More recently I’ve been experimenting with using Wibey as an executive agent, with a defined role and skill set written in a markdown file imported into its settings, directing subordinate agents running in their own worktrees. In practice it’s marginally useful at this point. The limiting factor isn’t orchestration — it’s visibility. You can’t always tell what a sub-agent is actually doing, and when something goes wrong, diagnosing it is harder than it would be with a human. I haven’t found a clean solution to this yet; structured output and keeping tasks tightly scoped help at the margins, but it’s still the weakest part of the setup. Sometimes the right move is just to open a terminal pane and edit the code directly.

Android Development: A Note on Tooling

Android Studio has a habit of getting sluggish when you switch between projects frequently. For this kind of multi-project, multi-agent workflow, that’s a real problem. I’ve had better results using VSCode with Kotlin extensions.
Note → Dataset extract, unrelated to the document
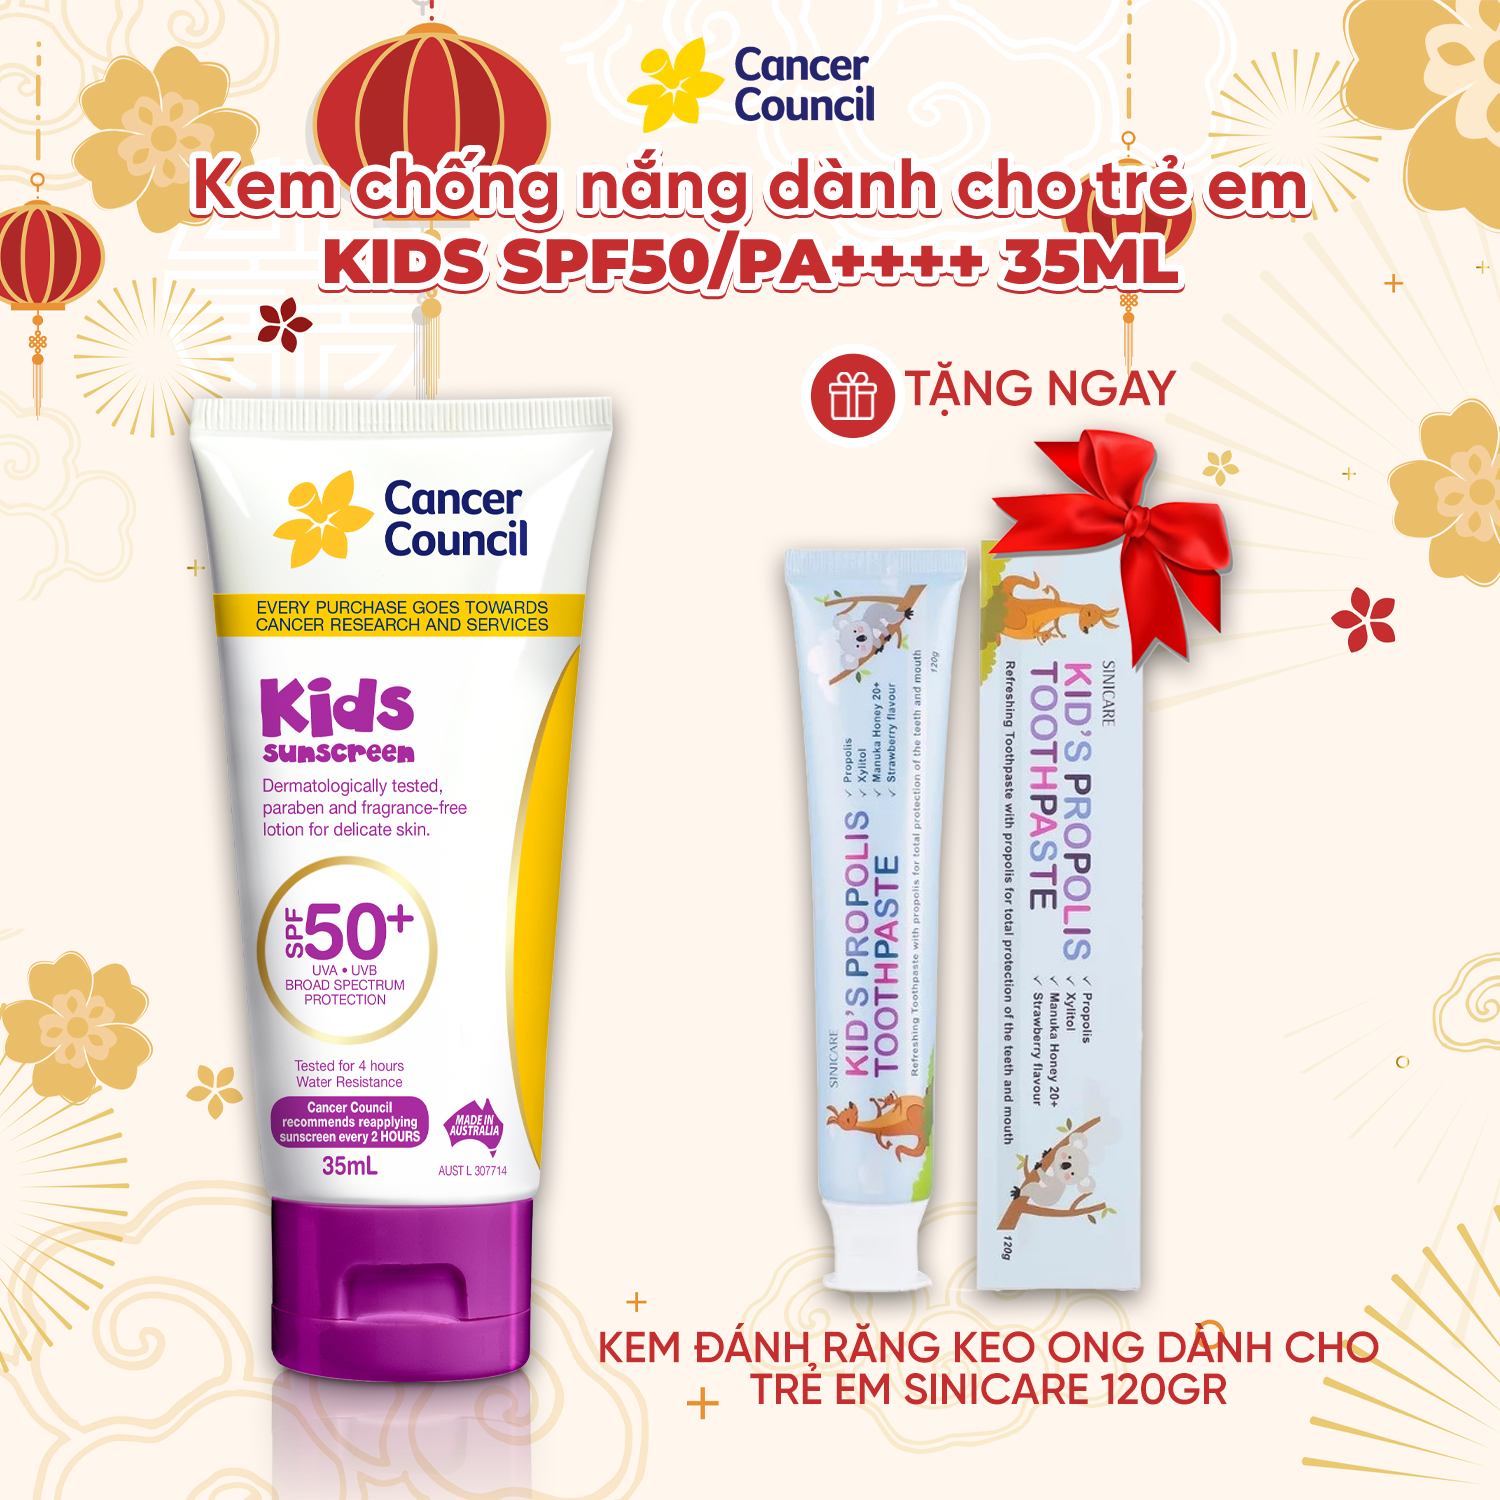 Kem chống nắng trẻ em Cancer Council Kids SPF 50+ PA ++++ 35ml

It’s lighter, faster to context-switch, and the terminal integration means I can launch it from a tmux pane without breaking my flow.
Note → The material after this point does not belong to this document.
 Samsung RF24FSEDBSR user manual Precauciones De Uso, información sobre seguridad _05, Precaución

One thing that’s non-negotiable with this setup: configure a local Gradle cache. With multiple worktrees running builds — for tests, for manual validation, for whatever an agent just did that you need to verify — you will be compiling often. On a large codebase, that pain adds up fast. Without a shared local cache, each worktree risks triggering a full Gradle build, and on a project of any real size that’s the kind of friction that makes the whole parallel workflow feel not worth it. Get the cache right early and you’ll barely notice the builds. Skip it and you’ll be watching progress bars when you should be working.

What Actually Works

The setup earns its complexity when tasks are well-defined and fit cleanly into separate worktrees. Routine work — adding tests, small features with clear scope, isolated refactors, and the steady stream of Jira and documentation updates — is where you see real throughput gains from parallelism.

It breaks down when tasks are entangled, when you need to understand what an agent did before you can continue, or when the business logic is subtle enough that reviewing the agent’s output takes longer than writing it yourself. None of that is surprising. It’s the same lesson from before: know your domain, review everything, and don’t architect yourself into a corner you can’t get out of without the tools.

Still Figuring It Out

This isn’t a finished system. It’s a snapshot of what’s working right now, and that changes as the tools change. I share what I’m finding with my team — what’s useful, what’s a dead end, what’s worth trying. That kind of lateral knowledge sharing matters more than usual right now because these tools are moving fast enough that no one person has the full picture. Something I wrote off three months ago might be worth revisiting. Something that worked last month might have a better answer today.

The honest position is that we’re all still learning what these tools are actually good at. The capabilities are shifting, the models are improving, and the workflows that make sense today might look different in six months. That’s fine. Staying curious and staying skeptical at the same time is the right posture. Share what you find, stay open to being wrong about it, and keep the fundamentals close — because those aren’t changing.